━━━━━ Exercise data
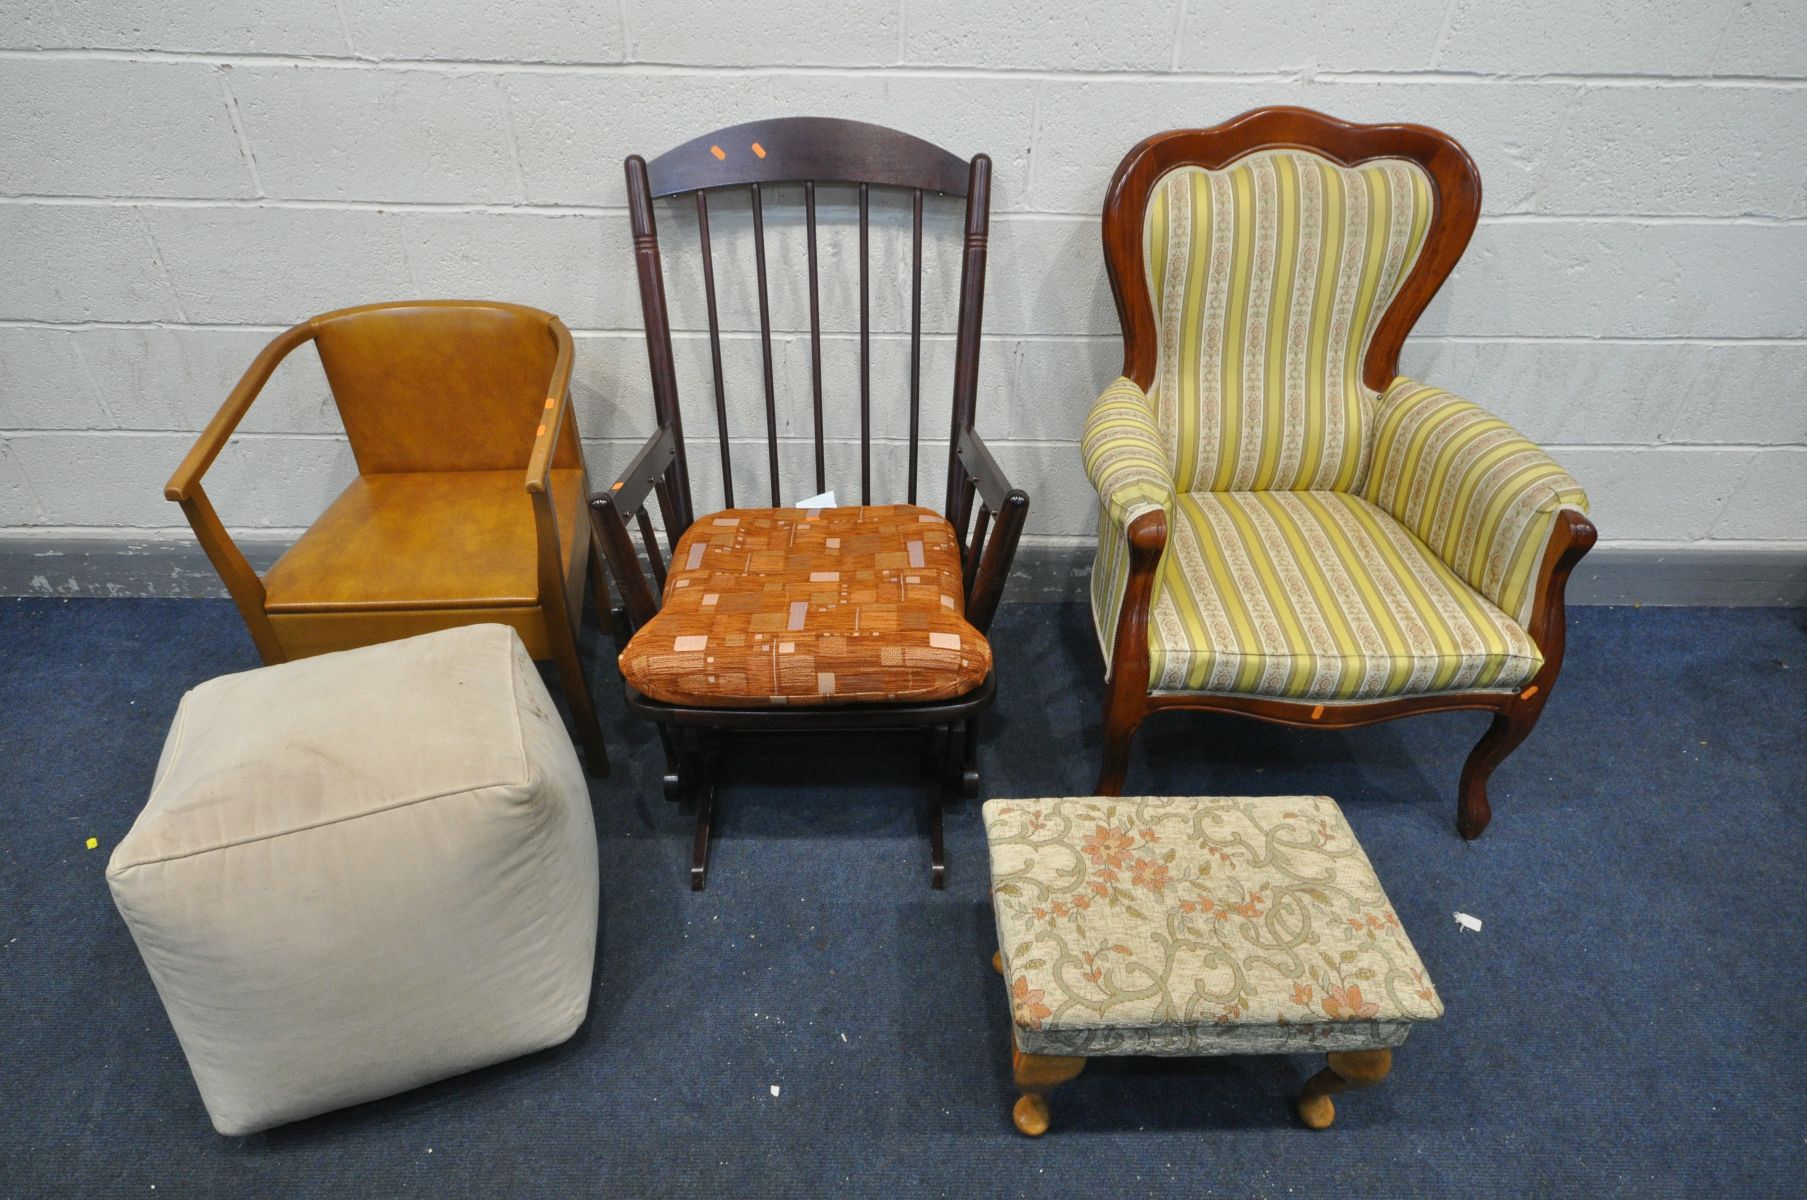 A LATE 20TH CENTURY ITALIAN MAHOGANY SPOONBACK CHAIR, along with a modern rocking chair (missing one
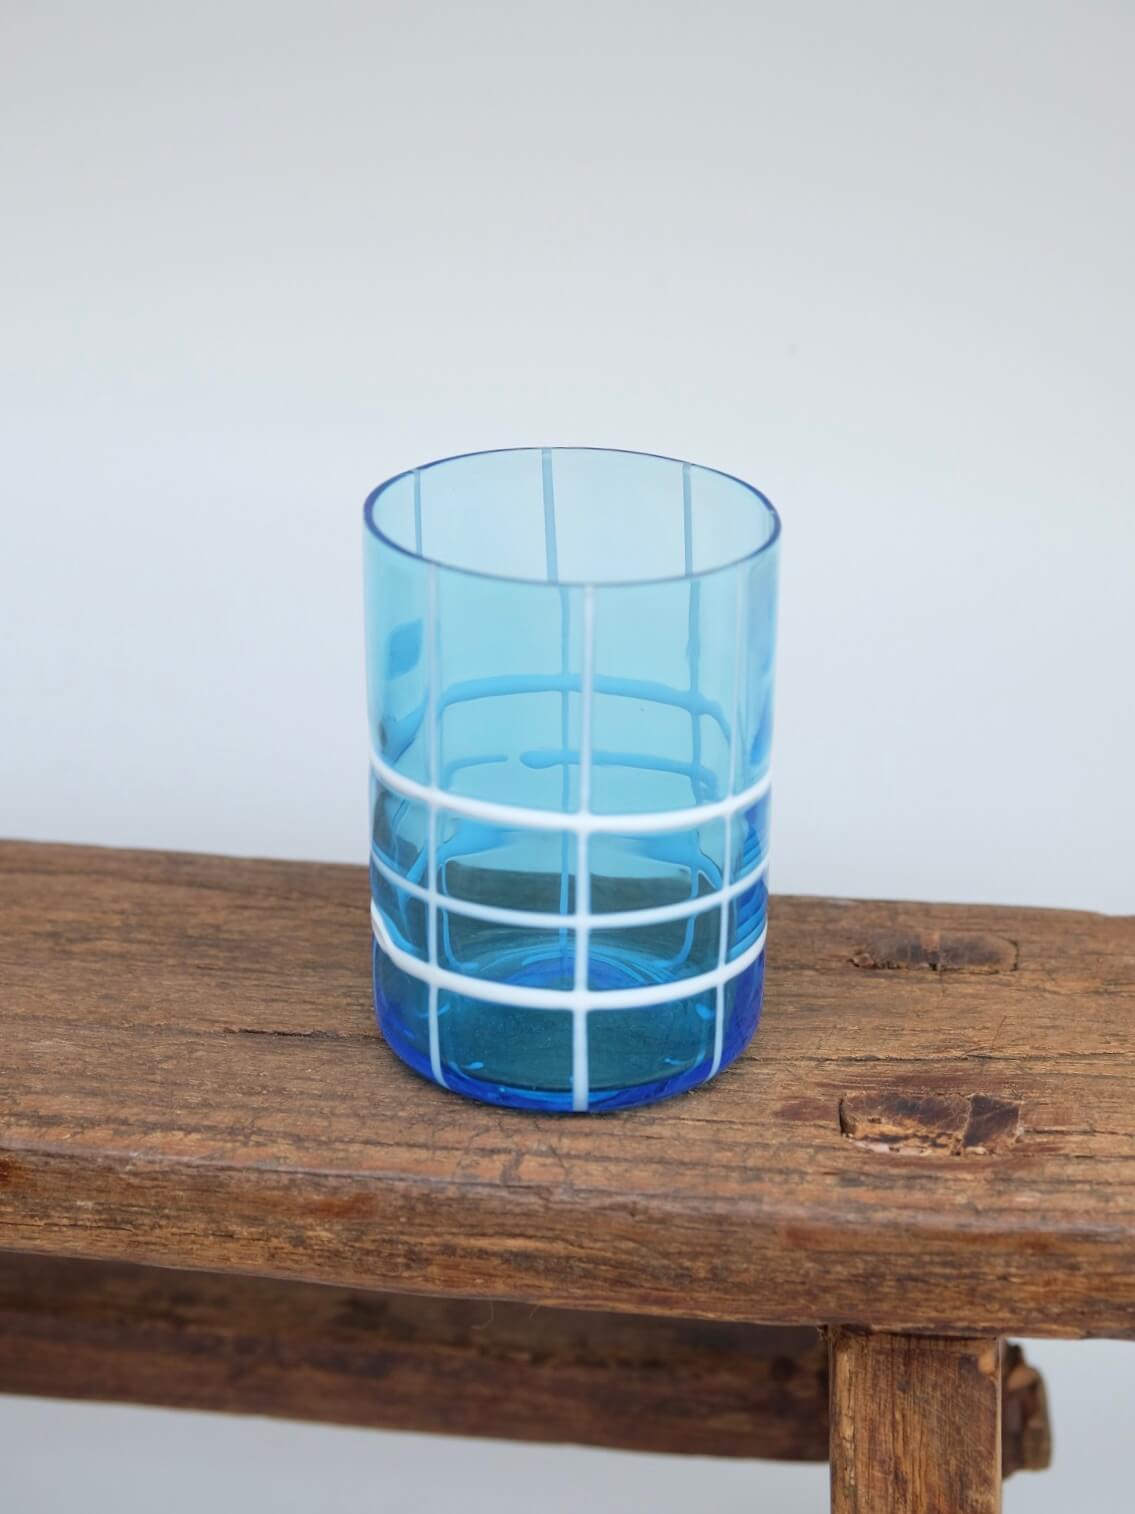 Checkered Glass in Light Blue and White
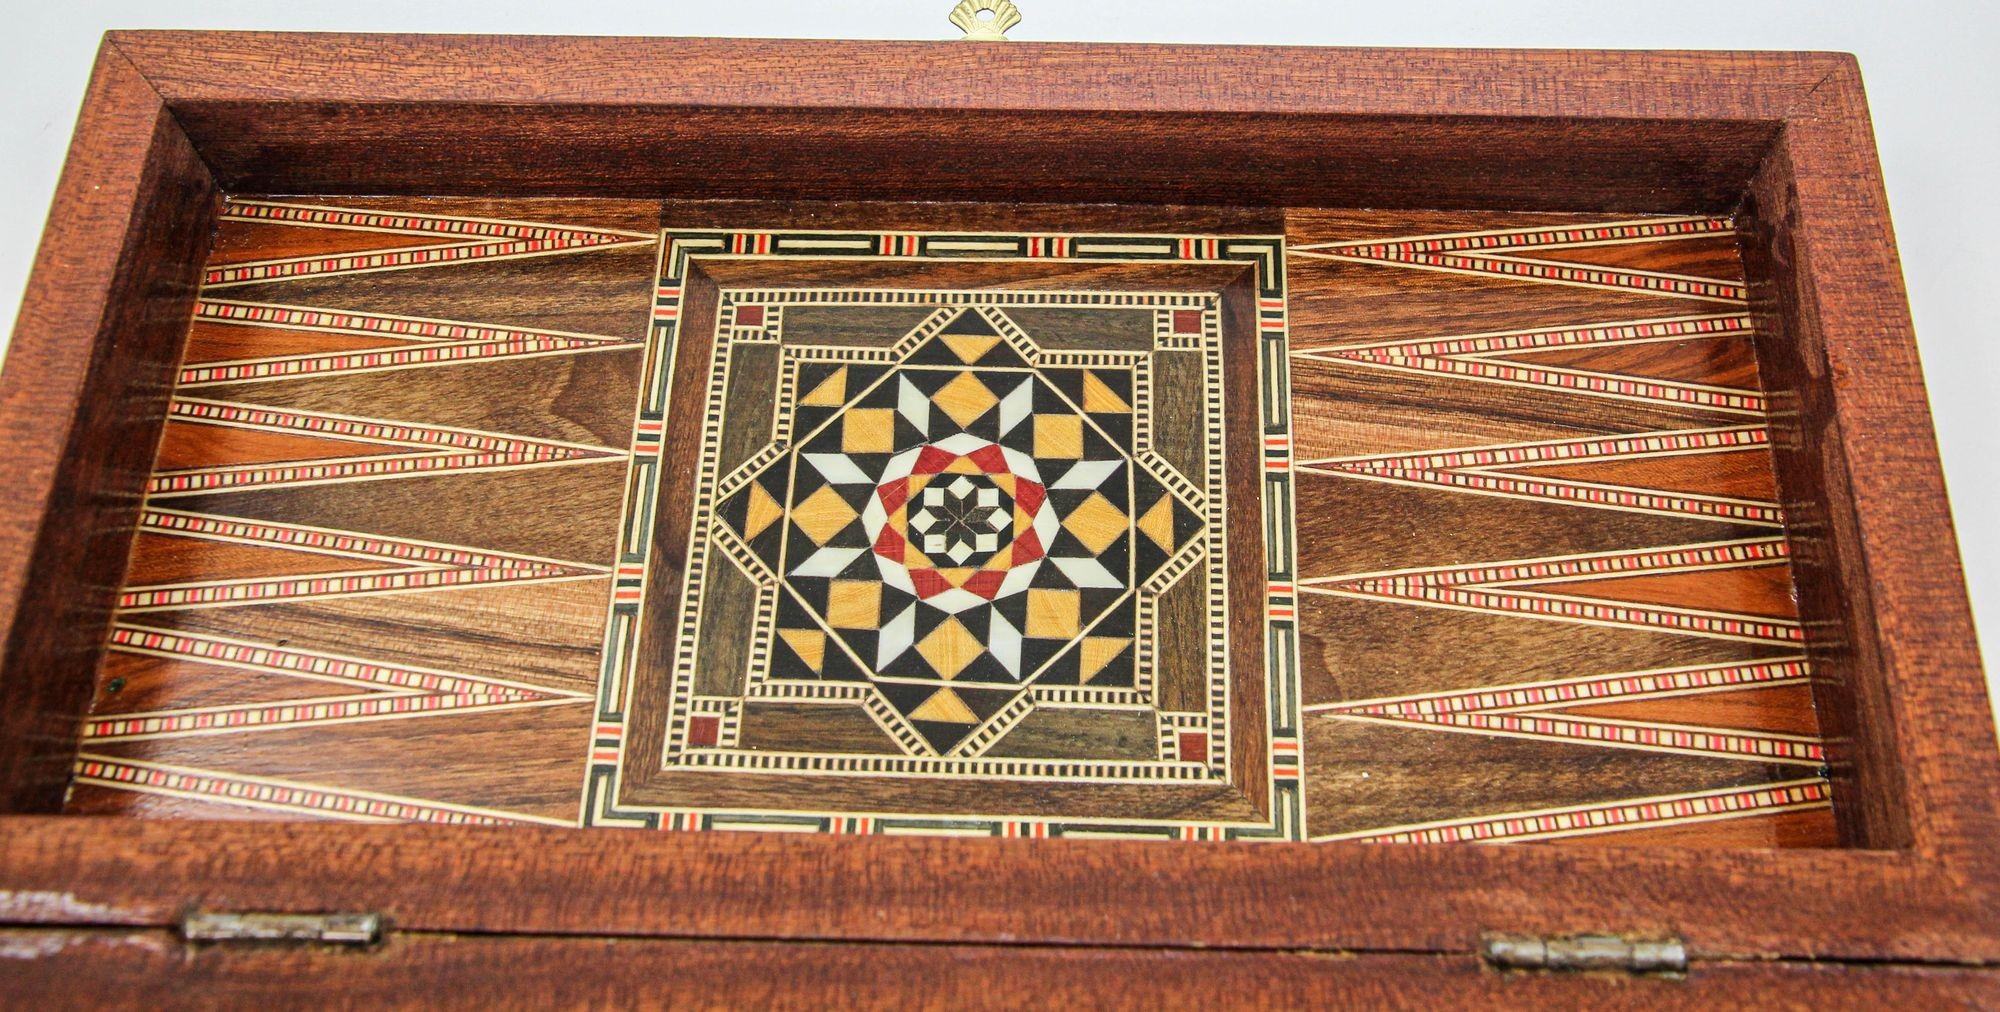 Lebanese Middle Eastern Mosaic Wooden Inlaid Marquetry Box Game Backgammon
━━━━━━━━━━
» **Brief**: Everything in the material except the pictures should be restated word for word.

» **Response area**:
 A LATE 20TH CENTURY ITALIAN MAHOGANY SPOONBACK CHAIR, along with a modern rocking chair (missing one
 Checkered Glass in Light Blue and White
 Lebanese Middle Eastern Mosaic Wooden Inlaid Marquetry Box Game Backgammon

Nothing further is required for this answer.